If you choose not to click over to Wikipedia (and I don't blame you, the information isn't always reliable), here's a few key points:
1. "To create a professional learning community, focus on learning rather than on teaching, work collaboratively, and hold yourself accountable for results."
2. It's "a shared vision or running a school in which everyone can make a contribution, and staff are encouraged to collectively undertake activities and reflection in order to constantly improve their students’ performance."
3.From SEDL: " the teachers in a school and its administrators continuously seek and share learning and then act on what they learn. The goal of their actions is to enhance their effectiveness as professionals so that students benefit."
4. Alberta Education: "The indispensable foundation is to focus on learning, not teaching."
5. Professionally Speaking: where teachers and administrators take an active, reflective, collaborative, learning-oriented and growth-promoting approach to the mysteries and challenges of teaching and learning. PLC has come to mean schools where the entire staff is involved in data-based decision making about student needs, where they define school goals and directions to meet those needs and engage in ongoing study, discussion, testing and reflection to change their practice.
FIVE ATTRIBUTES OF A PLC
- supportive and shared leadership,
- collective creativity,
- shared values and vision,
- supportive conditions, and
- shared personal practice.
I'd heard of PLC's before, but I didn't really get what it meant.
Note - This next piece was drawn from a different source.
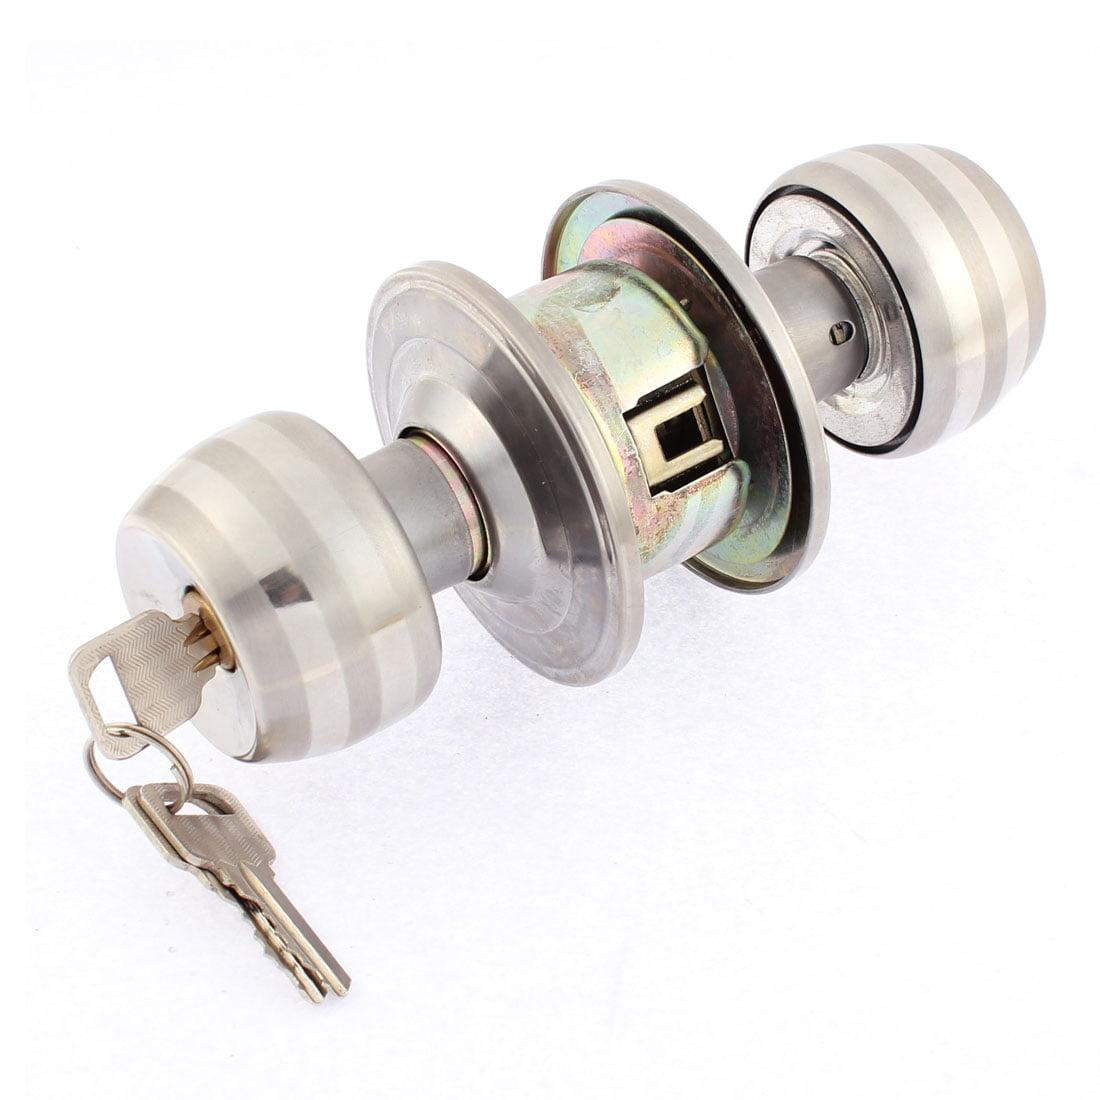 Bedroom Bathroom Door Locks with Keys Security Entry Lever Knob Handle Lockset

I couldn't grasp the concept from the subject matter it was presented in, and thought it meant all circle where you interact with other teachers. I supposed how I interact with all of you by commenting on your blogs, and replying to your comments on mine are part of my learning process, but they are not actually a PLC, because we will not be meeting and discussing outcomes and looking for solutions together, officially at least.
I hope that wherever I end up teaching next year I get to be part of a collaborative process like a PLC. I think it will have a deeper impact on my teaching than being TOLD to do something. Just like our students, I can be stubborn, and if I have some choice in the design, I am more likely to participate.
Has your school tried to implement this way of teaching and learning yet?